Конечно, в 60-е гг. еще не было возможностей, например, проводить массовые социологические опросы. Но сейчас, казалось бы, можно было при разработке действительно необходимых уточнений орфографии спросить тех, для кого эти уточнения проводятся. Однако и тут (при гораздо меньших предлагаемых изменениях) было по существу сделано всё, чтобы вызвать неприятие проекта с порога у обычных граждан. В результате уважаемые люди вплоть до нобелевских лауреатов увидели в этих уточнениях орфографии «покушение на русский язык». Впрочем, радикальные изменения языковых норм в не самые радикальные исторические периоды – вещь, сложная везде. Массовое недовольство недавней реформой немецкой орфографии – типичный пример. В Японии, как указано выше, дело обстоит иначе: изменения постоянны, но не радикальны.

В заключение хочу привести еще одно письмо Михаила Викторовича Панова, адресованное, правда, не мне, а С. А. Крылову. Написано оно, очевидно, в 1997 г., когда готовился «Фортунатовский сборник», изданный в 2000 г. Речь идет о статье [Алпатов 2000] для этого сборника, посвященной П. С. Кузнецову, лекции которого я слышал в МГУ. Письмо печатается с разрешения адресата.

Дорогой Сергей Александрович!

Статья В. М. Алпатова о П. С. Кузнецове очень интересна. Это именно статья; автору удалось вспомнить только одно: что П. С. Кузнецов был сутуловат. Это верно, но для воспоминаний недостаточно.

В. М. Алпатов в одном месте ошибся: написал, что Р. И. Аванесов в 1948 г. сломился и изменил фонологические взгляды. В 1948 г. этого не было. Выдвинул новую теорию фонем в 1954 г., и это не было капитуляцией.

С уважением.

Панов М. В.

Против первого замечания не могу возразить, но что касается ошибки, то я пересказывал мнение самого Петра Саввича, которое он излагал студентам и выразил в воспоминаниях (в 1997 г., впрочем, еще не опубликованных). Он пишет: «1948–1949 гг. были тяжелые годы последнего наступления марристов против индоевропеизма, а также фонологических дискуссий, направленных в первую очередь против Московской фонологической школы… В ходе фонологической дискуссии родилась… новая теория Р. И. Аванесова, который испугался критики, а затем стремился подвести теоретическую базу. Я не принял… теории» [Кузнецов 2003: 231].

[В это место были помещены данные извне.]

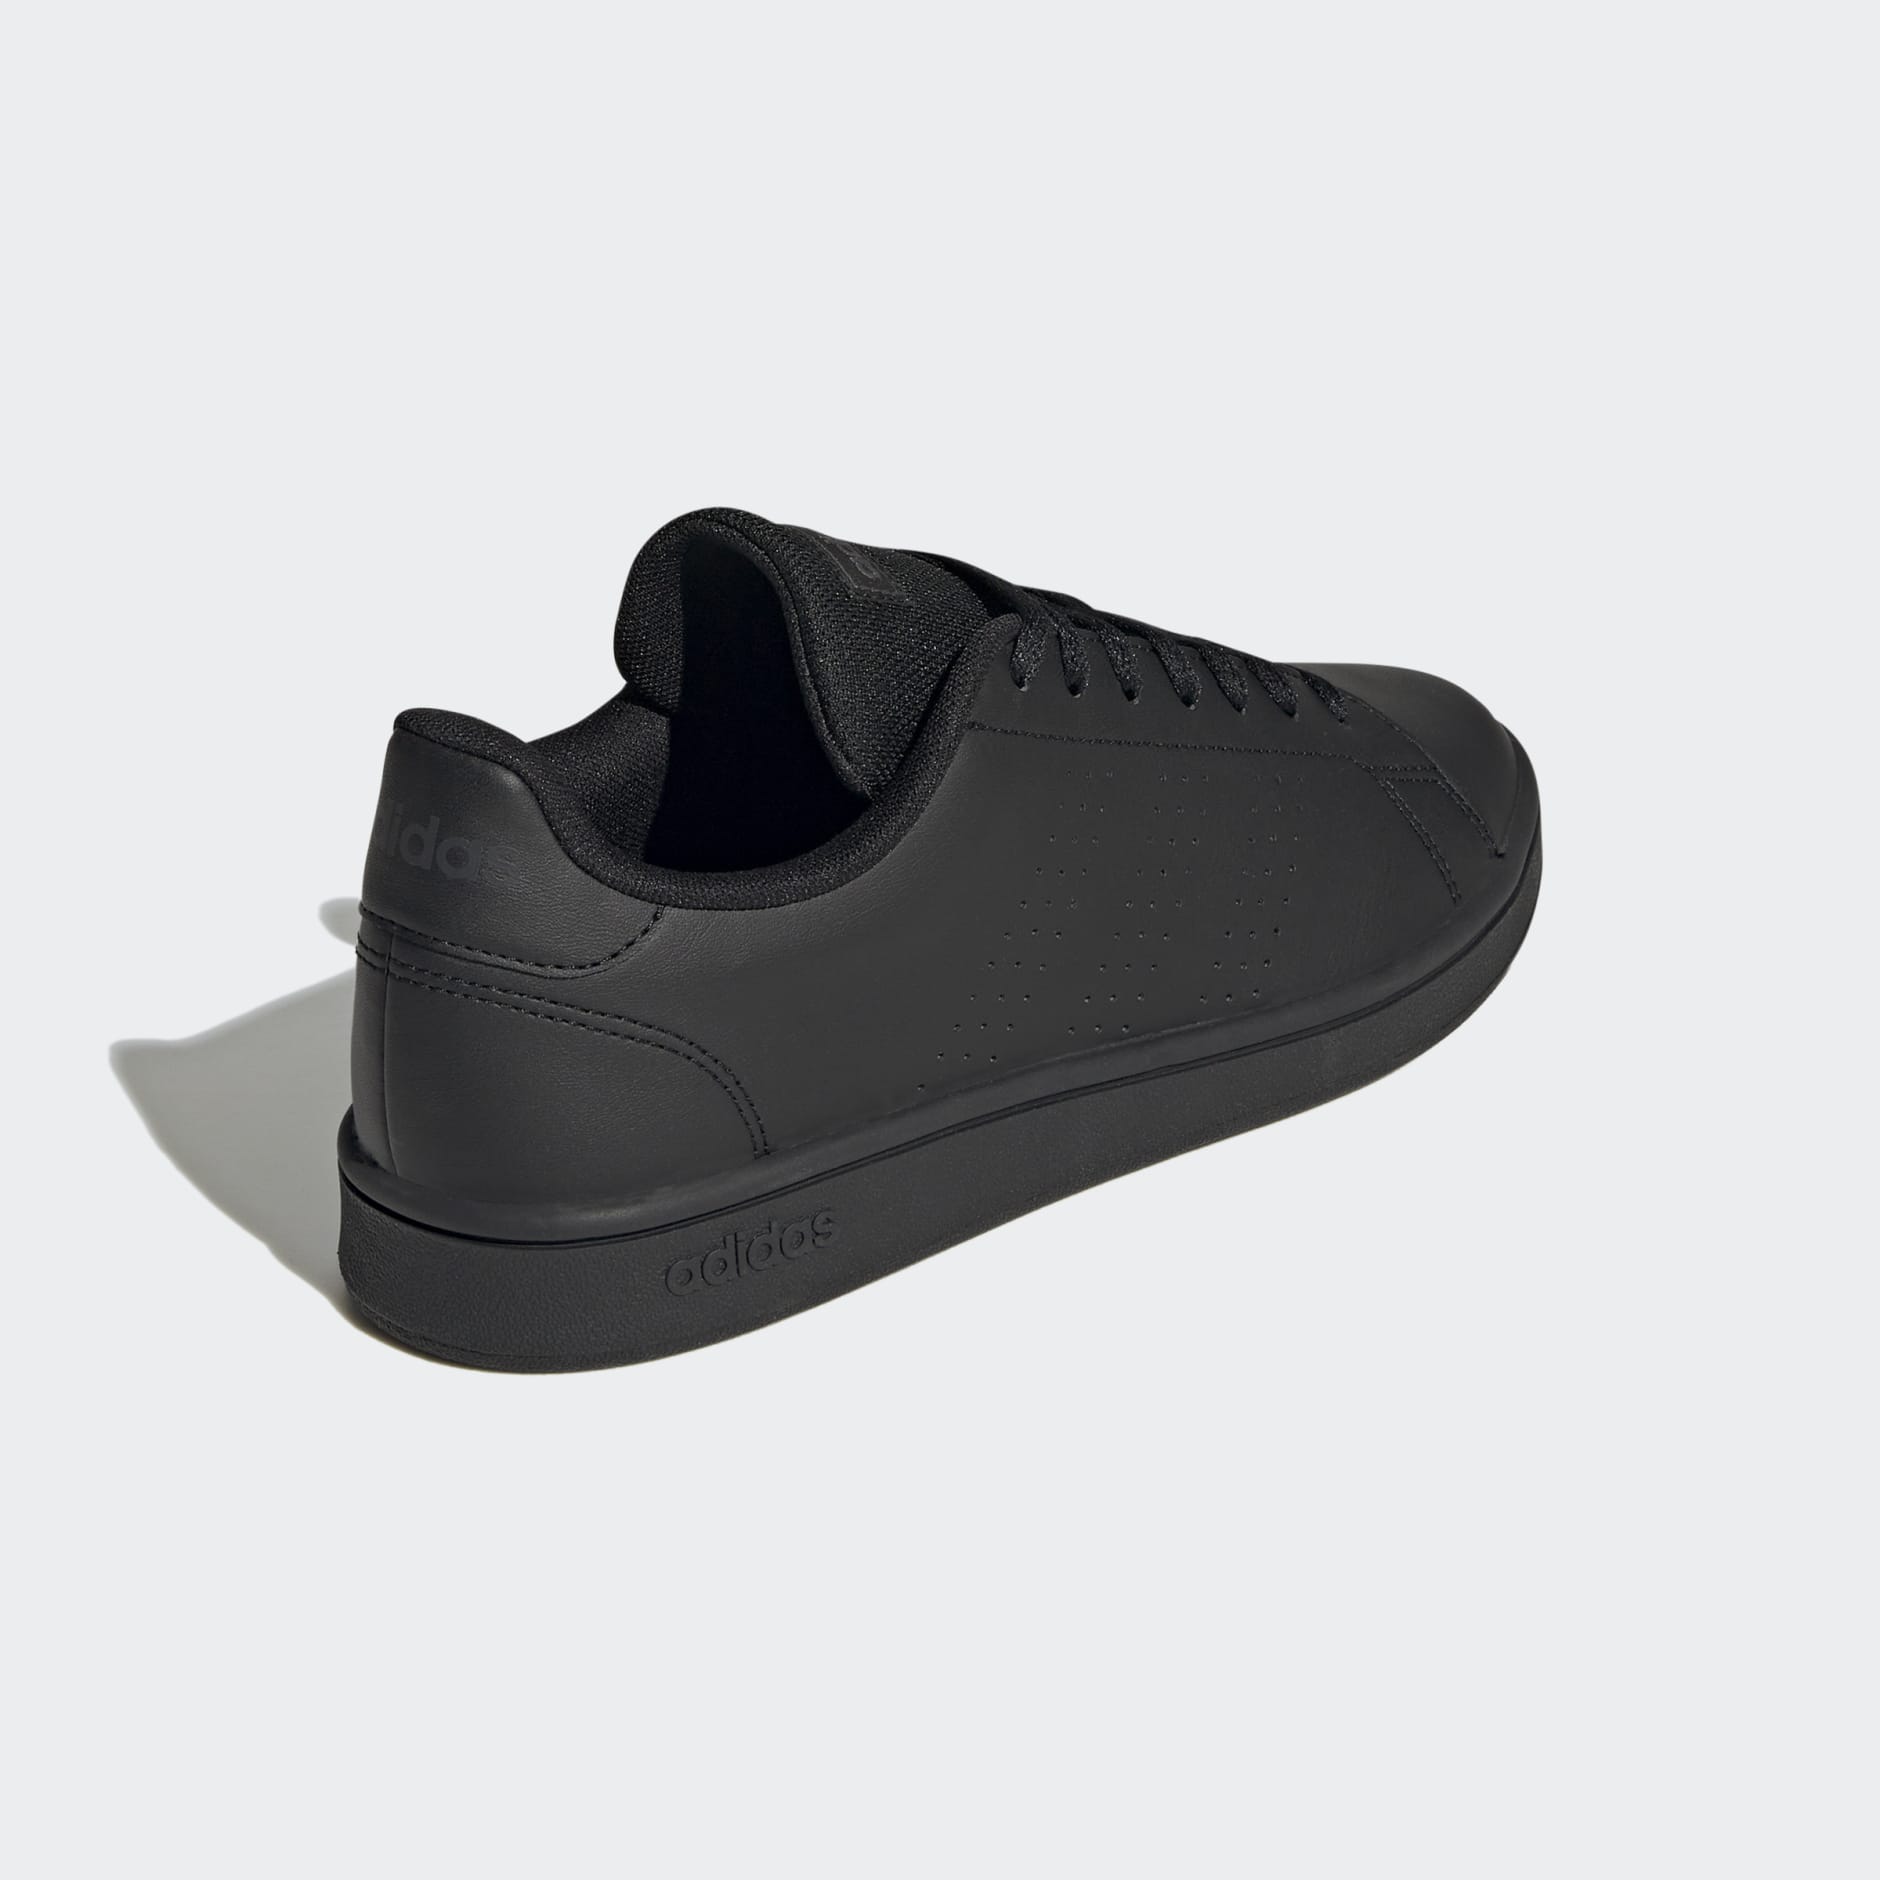 Men's Shoes - Advantage Base Court Lifestyle Shoes - Black | adidas ...
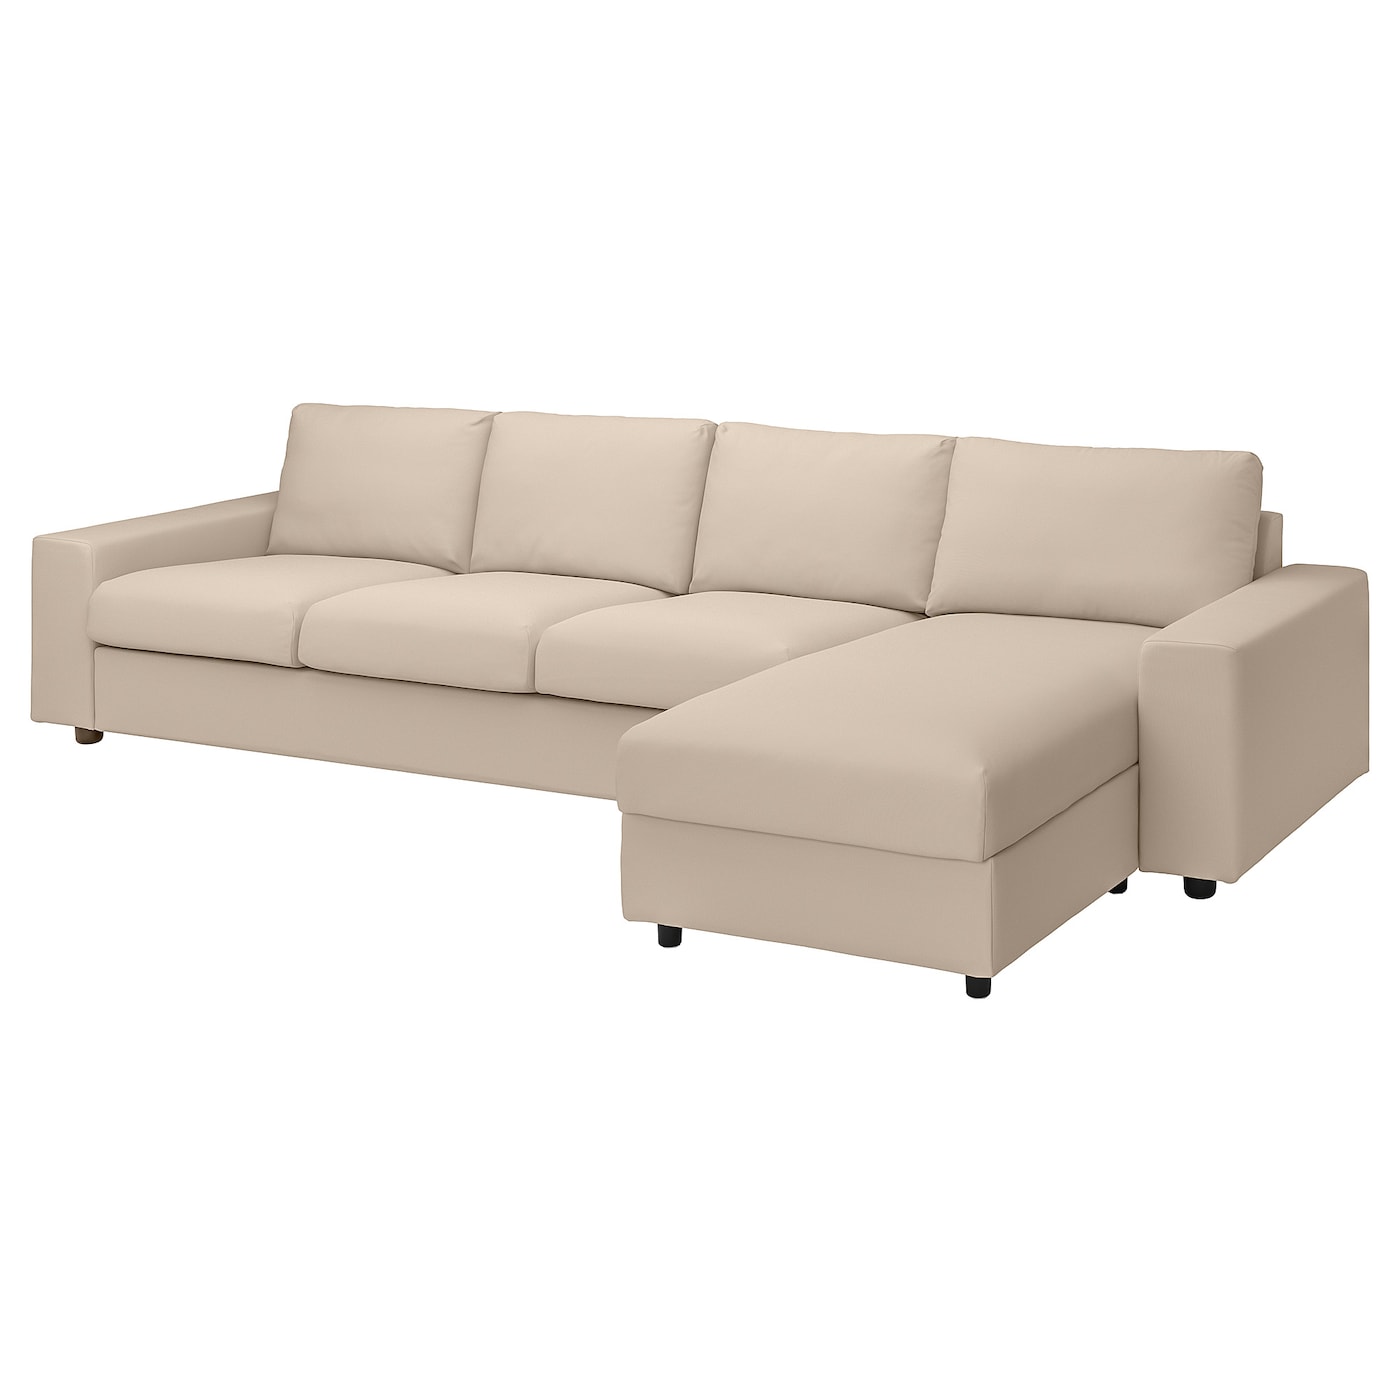 ВИМЛЕ 4-местный диван + диван, с широкими подлокотниками/Халларп бежевый VIMLE IKEA

Личные взаимоотношения двух выдающихся ученых, как можно видеть, не были гладкими. Но, безусловно, какими бы они ни были, для Михаила Викторовича и Кузнецов, и Аванесов были в равной степени уважаемыми учителями, а фонологическая теория Р. И. Аванесова 50-х гг. – важной научной концепцией. И, прежде всего, ему важно было защитить и ее, и ее автора.

Литература

Алпатов 1979 – Алпатов В. М. Структура грамматических единиц в современном японском языке. М.: Наука, 1979.

Алпатов 1990 – Алпатов В. М. Знаменательные части речи в японском языке // Части речи. Теория и типология. М.: Наука, 1990.

Алпатов 1995 – Алпатов В. М. Литературный язык в России и Японии: опыт сопоставительного анализа // Вопр. языкознания. 1995. № 1.